Huffman coding is a data compression algorithm. The idea is to assign variable-length codes to the input characters, the length of the assigned codes being based on the frequency of occurrence of the characters in the initial sequence.
Huffman coding is a lossless data compression algorithm. The algorithm was invented in 1952 by David Albert Huffman. Huffman coding is generally important for compressing data containing frequently occurring characters.
The frequency factor is taken into account here because of the notion of information entropy, since the more frequent a character is, the higher its entropy.
How does Huffman coding work?
The principle of Huffman coding is based on the construction of a tree structure with nodes.
- This algorithm is based on the idea that the best way to code information is to find the optimal length to represent each character in the initial sequence.
- The optimal length of the code corresponding to a character is given by the number of branches that need to be traversed from the top of the Huffman Tree to arrive at this character, which will always be a leaf of the Huffman Tree.
Â
The idea behind the Huffman Tree is to minimize the length of the symbols used to encode a message, which in a way means minimizing the size of the tree. But how is the Huffman tree constructed?
What is the principle of Huffman coding?
As for the construction of the tree, we associate each time the two nodes with the lowest weights, to give a new “father” node whose weight is equivalent to the sum of the weights of its children.
This process is repeated until only one node remains: the root of the Huffman tree, whose weight is the sum of the weights of all the initial leaf nodes.
We then associate, for example, code 0 with each left-hand branch and code 1 with each right-hand branch.
To obtain the binary code of each character, we run through the tree from top to bottom, each time taking the 0 or 1 character of the branches we pass through, depending on whether we’re going right or left.

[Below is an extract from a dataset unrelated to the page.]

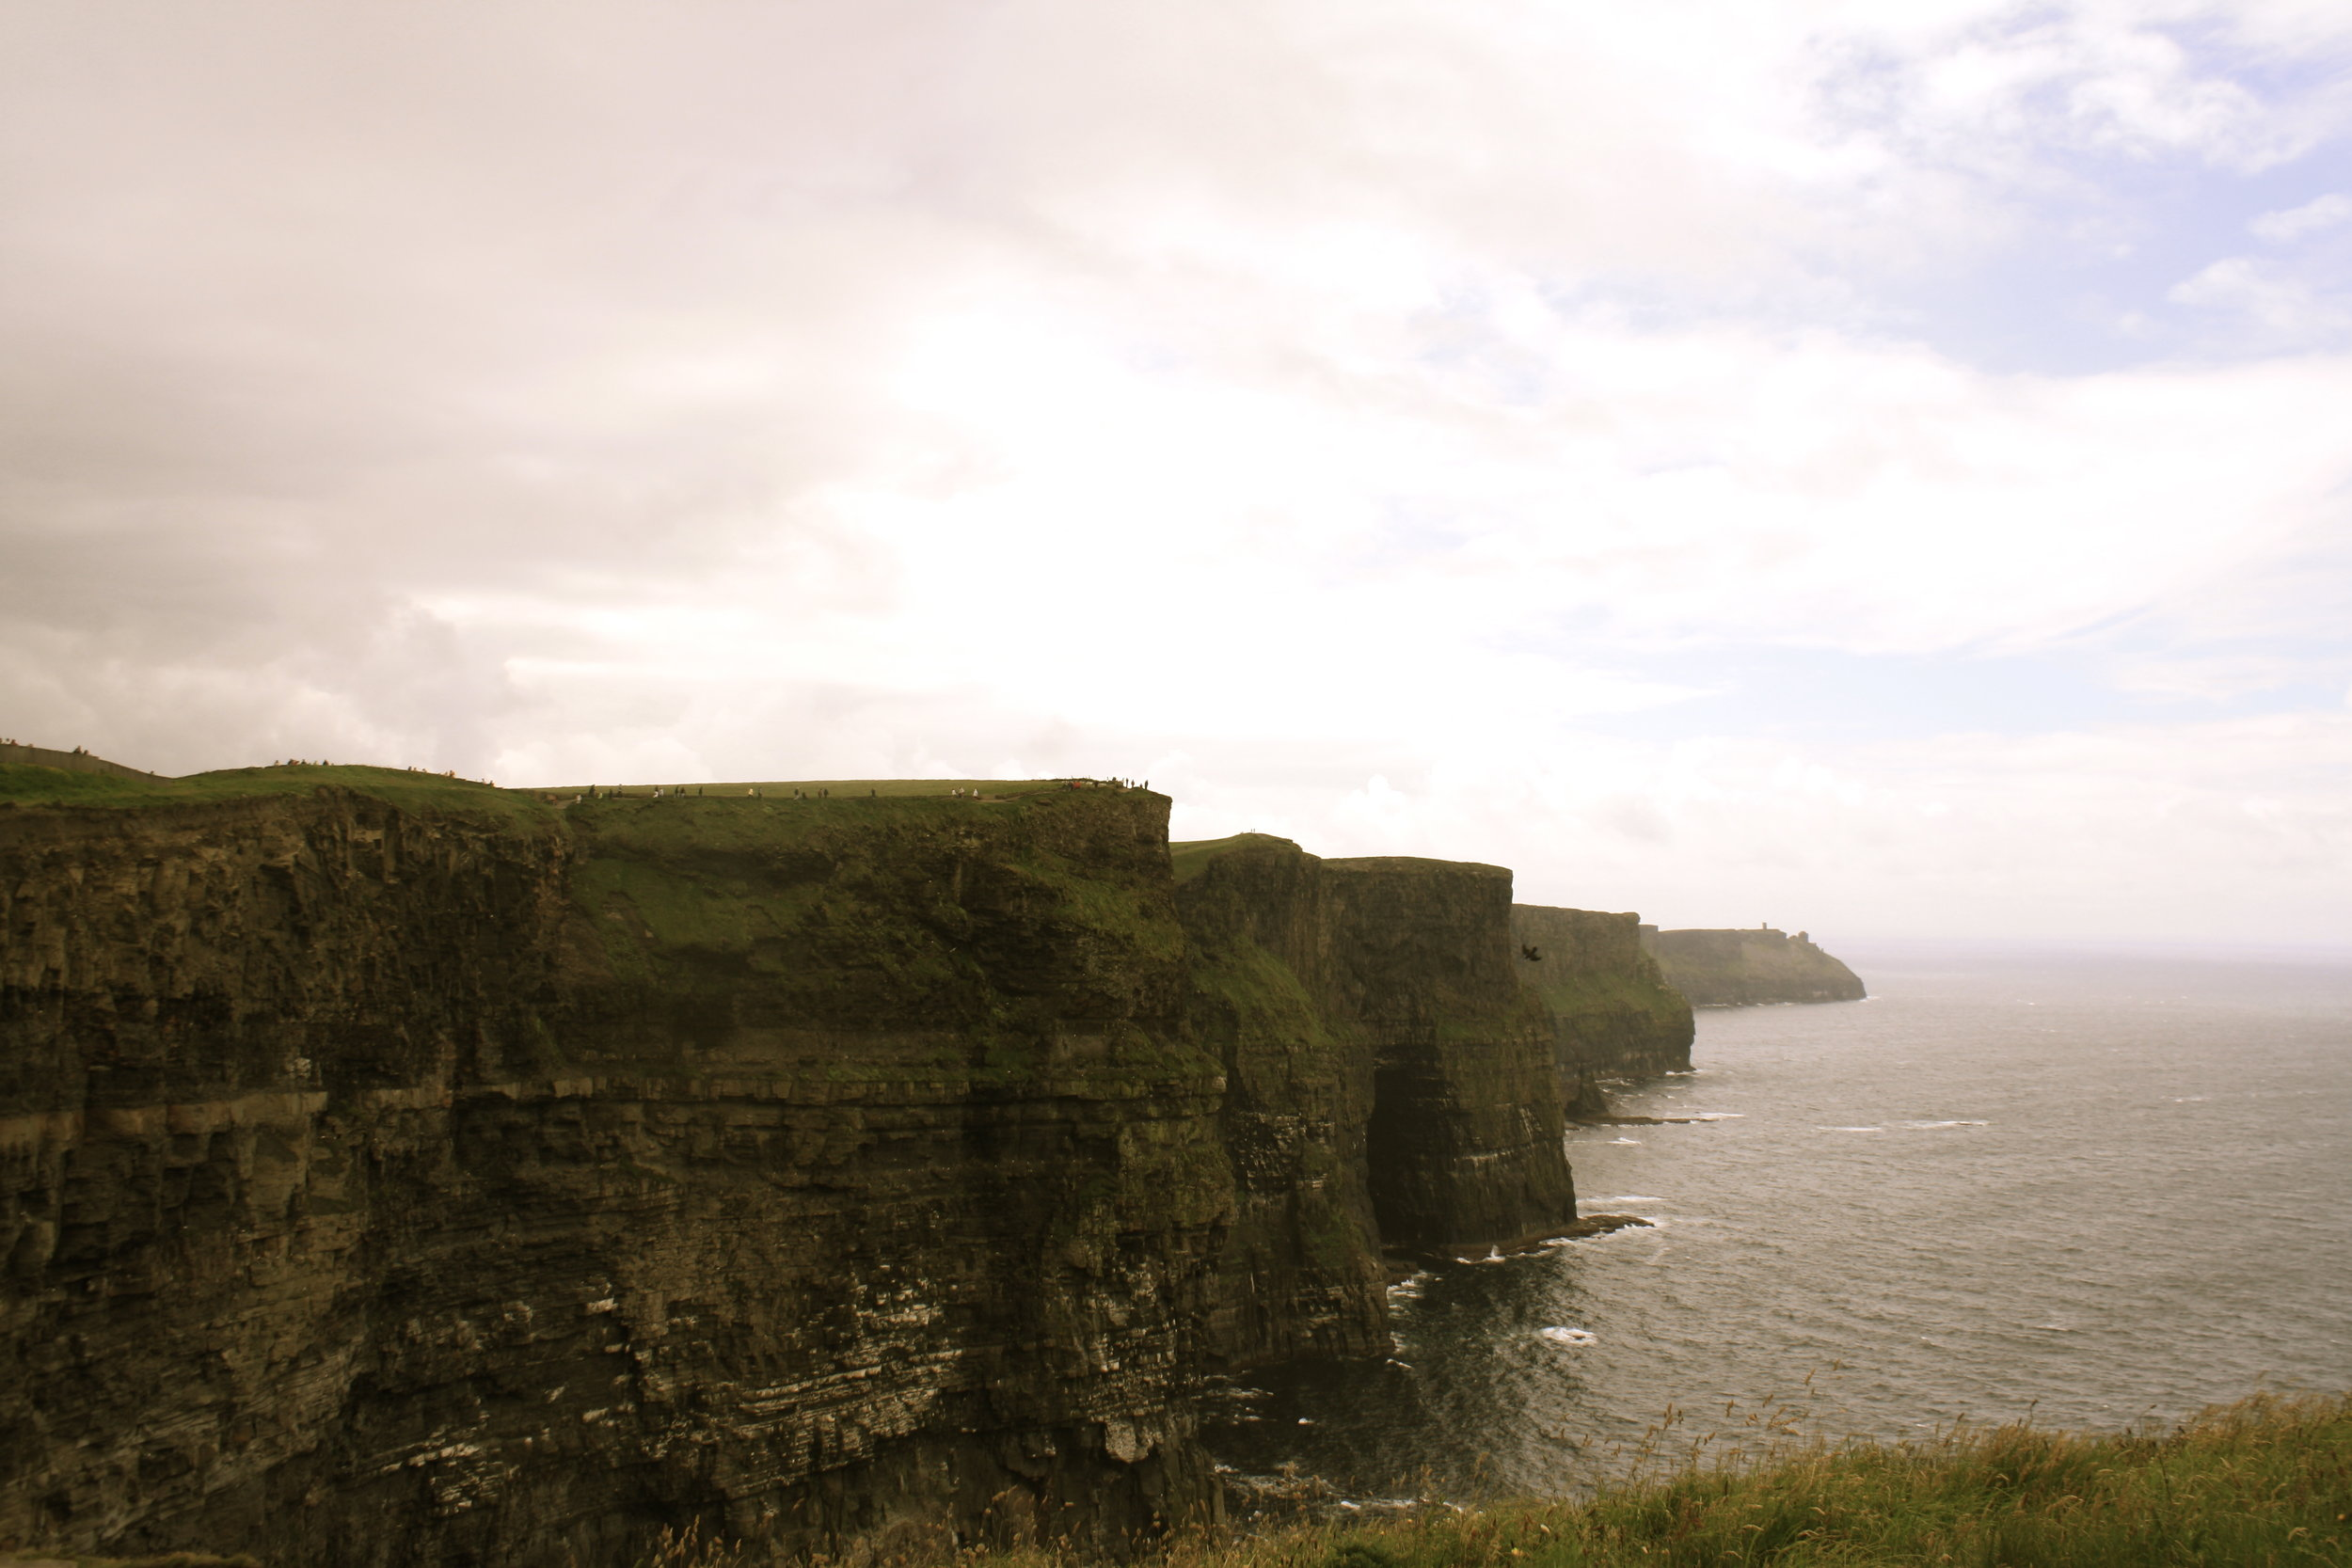 IRELAND - 7.9.16

The different stages in the construction of the Huffman Tree
- Construct leaf nodes from each character of the message to be coded, each character being taken into account only once with the different frequencies of appearance of the characters to be arranged in order of priority, the highest priority being those with the lowest frequencies.
- Extract the two lowest-weight nodes in ascending order of frequency, i.e. the node with the lowest frequency should be extracted first.
- Create a new internal node with a frequency equal to the sum of the frequencies of these two nodes. Define the first node extracted as the left-hand child of this node and the second node as the right-hand child. Add the newly created node to the list of remaining nodes.
- Repeat steps 2 and 3 until you have passed through all the nodes obtained in step 1. The remaining node is the root of the tree and construction is complete.
An example to illustrate coding
To illustrate the idea of Huffman coding, we’ll consider the message below, which we’ll optimally represent in binary form:
aabbccddbbeaebdddfffdbffddabbbbbcdefaabbcccccaabbddfffdcecc
For a message to be coded like this one, let’s start by counting the frequency of distinct characters in the message. After counting, we obtain the following result:
a:8, b:15, c:11, d:12, e:4, f:9
We will implement the Huffman coding algorithm on this example.
The first step is to use the least frequent characters in the message to be coded. We’ll start with the letters ‘e’ and ‘a’, which have the lowest frequencies, then sum their weights, i.e. their frequencies of appearance, in order to replace the two characters with a new single character whose frequency will be the sum of the frequencies of these two characters in the list. At the end of this first step, the list becomes :
new node:12, b:15, c:11, d:12, f:9
Then, from the new list obtained, choose the two elements with the lowest weights, and iterate the process until you obtain the node with the highest weight, i.e. with the weight of the sum of the frequencies of all the characters. Note that at the end of the Huffman tree construction, all the distinct characters of the initial message to be coded are leaves of the Huffman tree. At the end of the run, we obtain the following results:
d -> 00
e -> 010
a -> 011
b -> 10
f -> 110
c -> 111
What is Huffman coding used for in working life?
The various applications of the Huffman coding algorithm for data compression include fax and text transmission, conventional compression formats such as GZIP, and multimedia software such as JPEG, PNG and MP3.
In general, data compression is useful for increasing memory storage capacity or data transmission speed.
There are a number of variations on Huffman coding when creating a tree.
- Either the dictionary is static: each character has a predefined code that is known or published in advance (and therefore does not need to be transmitted);
- or the dictionary is semi-adaptive: the content is analyzed to calculate the frequencies of each character, and an optimized tree is used for coding (it must then be transmitted for decoding);
- Or the dictionary is adaptive: starting from a known tree (published beforehand and therefore not transmitted), it is modified during compression and optimized as it goes along. The computation time is much longer, but often offers a better compression ratio.
Ultimately, Huffman coding is a very useful data compression algorithm with many applications today, from increasing storage capacity to increasing data transmission speed. There are several variants of this data compression technique, including the dynamic variant, which is an improvement on the static variant presented in this article.